De son côté, M. Maheux, président actuel du festival, rejette complètement les allégations de M. Sanscartier en disant qu’elles sont complètement fausses. Tout d’abord, il mentionne qu’il n’a rien à voir avec le départ de M. Sanscartier de l’organisation de l’événement, au début des années 2000. Selon M. Maheux, M. Sanscartier a «laissé tomber» le festival qui à l’époque avait des difficultés financières. «Les dettes s’accumulaient et je suis arrivé dans l’équipe en 2005 avec de nouvelles personnes en voyant le potentiel de l’événement, mais un potentiel différent», dit-il.

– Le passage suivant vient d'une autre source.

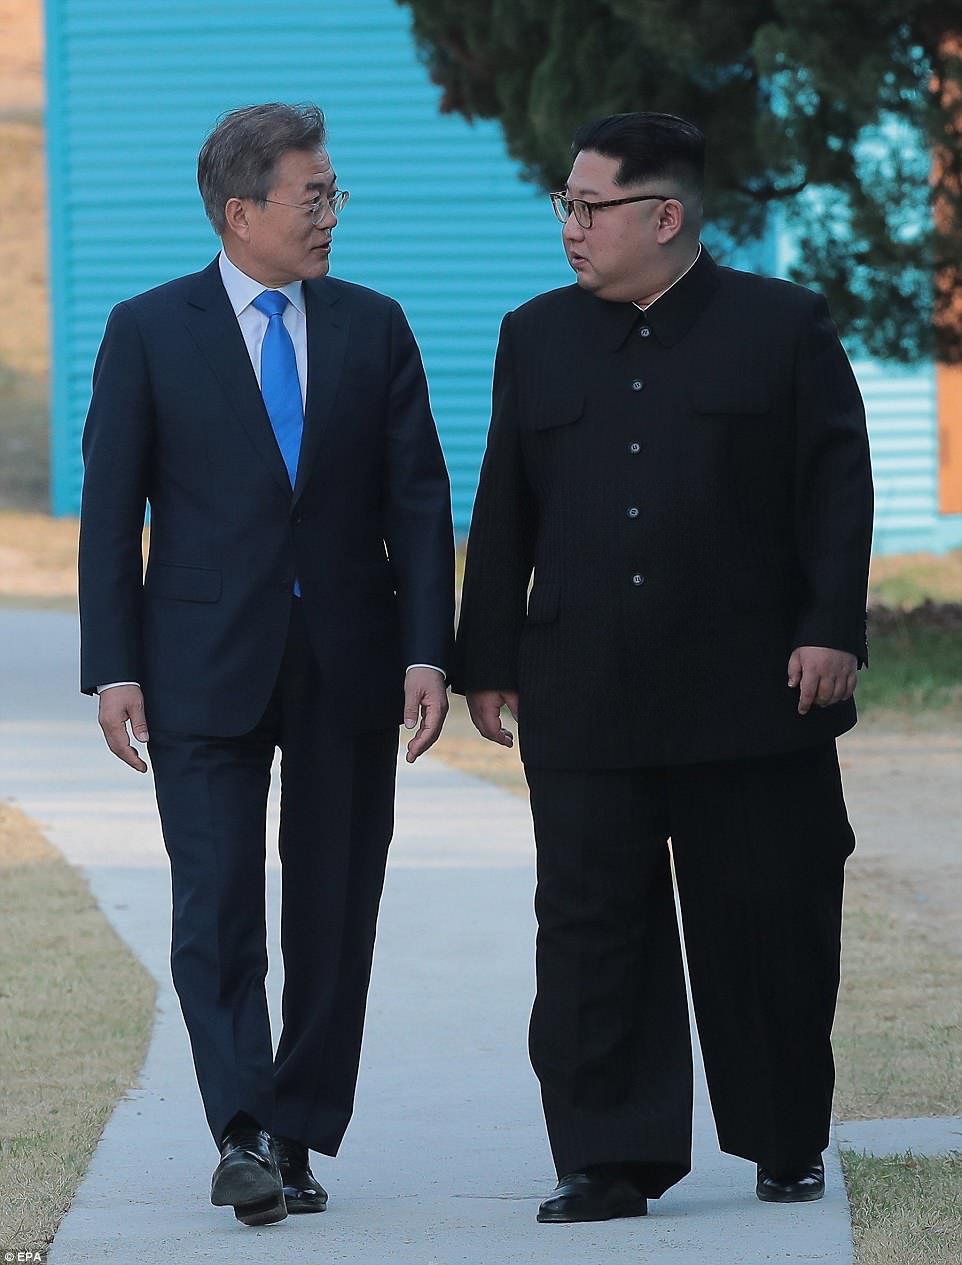 Kim said 'we are going to be one again' as he spoke of 'sharing the same blood' before adding: 'We should pave the way for a new future where all the people can live peacefully'

«Ce n’était pas viable à long terme et c’est pour ça qu’on a ajouté le volet culturel», fait savoir celui qui fait remarquer qu’il y a tout de même encore des rodéos. Cependant, «avec toute l’insécurité dans le monde du rodéo concernant le bien-être animal», il juge important de miser sur autres choses. «On s’assure que le festival va rester en vie avec notre volet culturel qui est fort», mentionne-t-il en indiquant que les festivaliers adorent la formule actuelle et la programmation variée proposée dernièrement. Il ajoute que la réussite du festival repose sur l’implication de 325 bénévoles et qu’«au niveau financier le festival n’a jamais été aussi bien géré que durant les dernières années.»

Pour ce qui est de cette année, M. Maheux confirme que le conseil d’administration a bel et bien exigé le départ de M. Sanscartier puisqu’«il n’avait aucune compatibilité» avec le reste du groupe. «Plusieurs responsables seraient partis si lui était resté là», affirme M. Maheux.